The death toll prompted a warning from UN special representative to Iraq, Martin Kobler. "Systemic violence is ready to explode at any moment if all Iraqi leaders do not engage immediately to pull the country out of this mayhem," Mr. Kobler said in Baghdad, according to CNN.
The violence has spanned the country, with a failed assassination against Anbar Province's governor, explosions and shootings in Mosul, and a series of bombings in Baghdad this week alone.
The deaths stem from an explosion of Iraq's constantly simmering Sunni-Shiite tensions, which were sparked earlier this year by Sunni protests throughout the country against their political marginalization. The situation escalated last month, after security forces violently dispersed a Sunni protest camp.
Under former dictator Saddam Hussein, Iraq's Sunni minority had outsized political influence. Since coming into government following the US toppling of Mr. Hussein's government, Iraq's long sidelined Shiite majority has steadily consolidated political power, excluding Sunni officials.
That the recent violence has targeted both Sunnis and Shiites is telling. Sunni insurgent forces, most notably Al Qaeda in Iraq, "have long targeted Iraq's Shiite majority and government security forces. But Sunni mosques and other targets have also been struck over the past several weeks, raising the possibility that Shiite militias are also growing more active," the Associated Press reports.
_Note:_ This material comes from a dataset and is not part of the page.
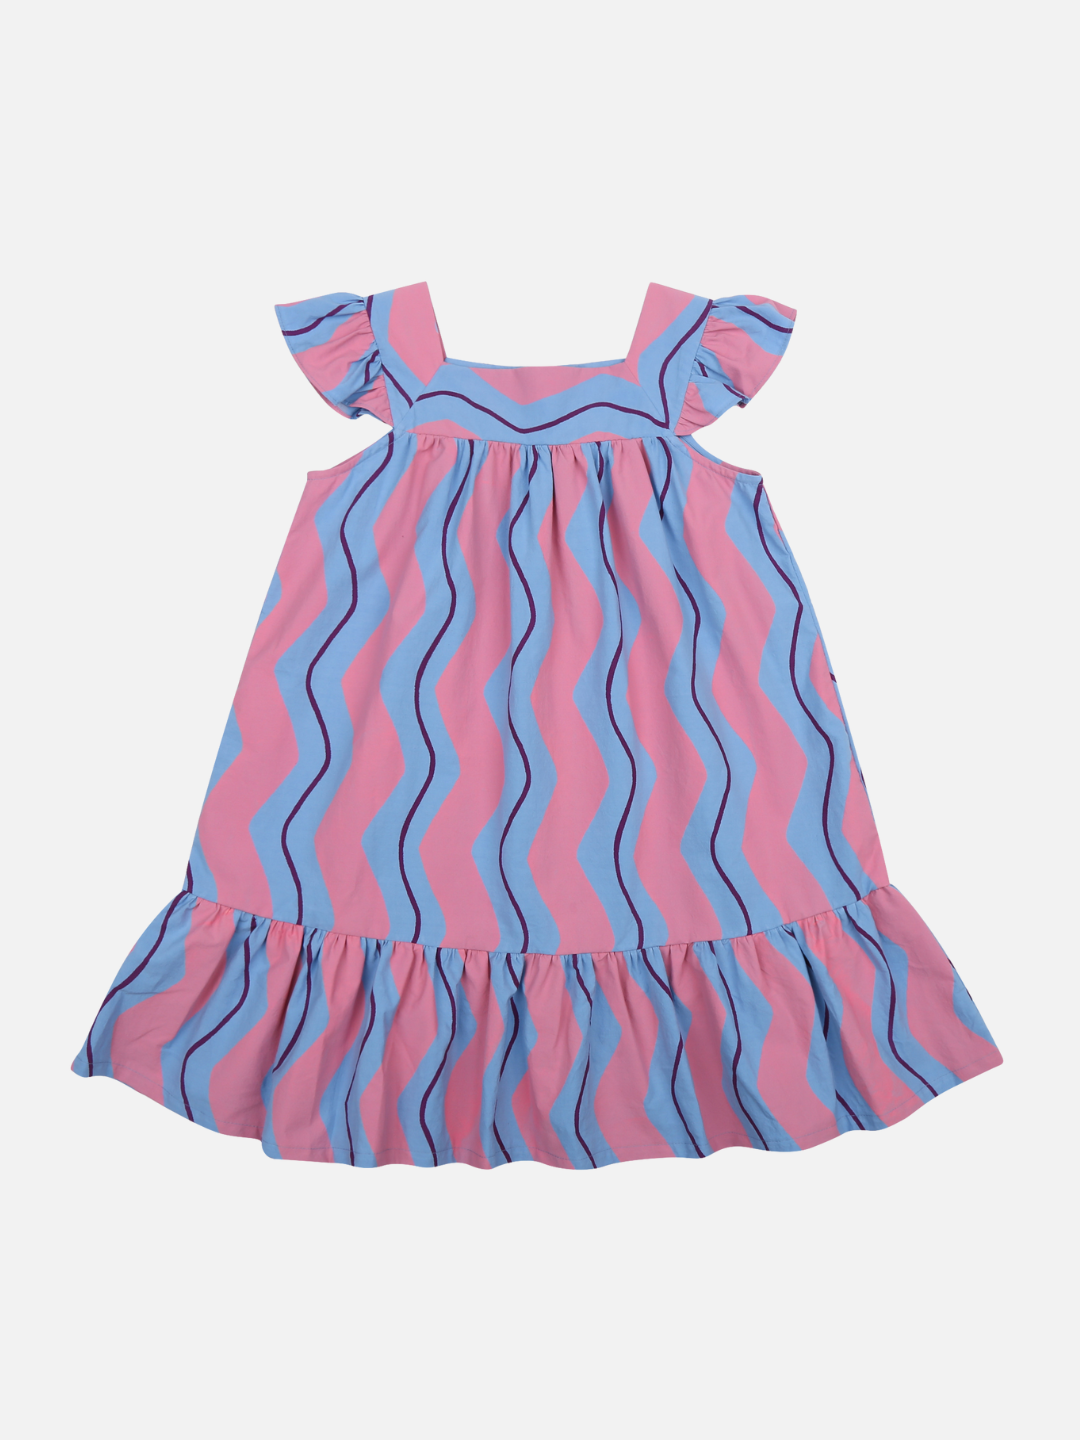 Front of Wave Stripe Dress. Wide pink vertical squiggly stripes and thin purple vertical squiggly stripes on a light blue background. Ruffled hem and ruffled cap sleeve.

The government is under pressure to prove it is capable of curtailing the violence. It has imposed a ban on many cars in Baghdad in an effort to thwart additional car bombings and footage of Prime Minister Nour al-Maliki inspecting checkpoints throughout the city was broadcast on state television, AP reports.
“These daily patterns of car bomb attacks … in Baghdad and some other cities (are) really unacceptable for the people of Iraq, who have suffered so much,” Foreign Minister Hoshyar Zebari said Thursday.
“It’s the government’s responsibility to redouble its efforts, to revise its security plans, to contain this wave, to prevent it from sliding into sectarian conflict and war,” he added. “That should not happen again.”
A predominant concern among Iraq observers is that the government is too weak to bring the current situation under control.
“Iraq is a reactor that’s overheating and there’s little coolant available,” Ramzy Mardini, an analyst at the Beirut-based Iraq Institute for Strategic Studies, told AP. “Iraq’s nascent politics is not equipped to sustain the current dangerous levels of internal and external pressure. There needs to be an off-ramp to relieve some of the pressure.”
Mushreq Abbas, a contributor to Al Monitor and managing editor of Al Hayat's Iraq bureau, writes that one of the clearest signs of the country's fragility is the reemergence of the term "death squad," which was used during Iraq's civil war to describe the groups of both Sunnis and Shiites who carried out "killings based on ID cards." Rumors about false checkpoints set up throughout Baghdad for the purpose of checking IDs have run rife.
The interior ministry has denied the reports, but that has not stemmed panic.
Mr. Abbas writes that the elimination of these death squads is one of Mr. Maliki's biggest achievements.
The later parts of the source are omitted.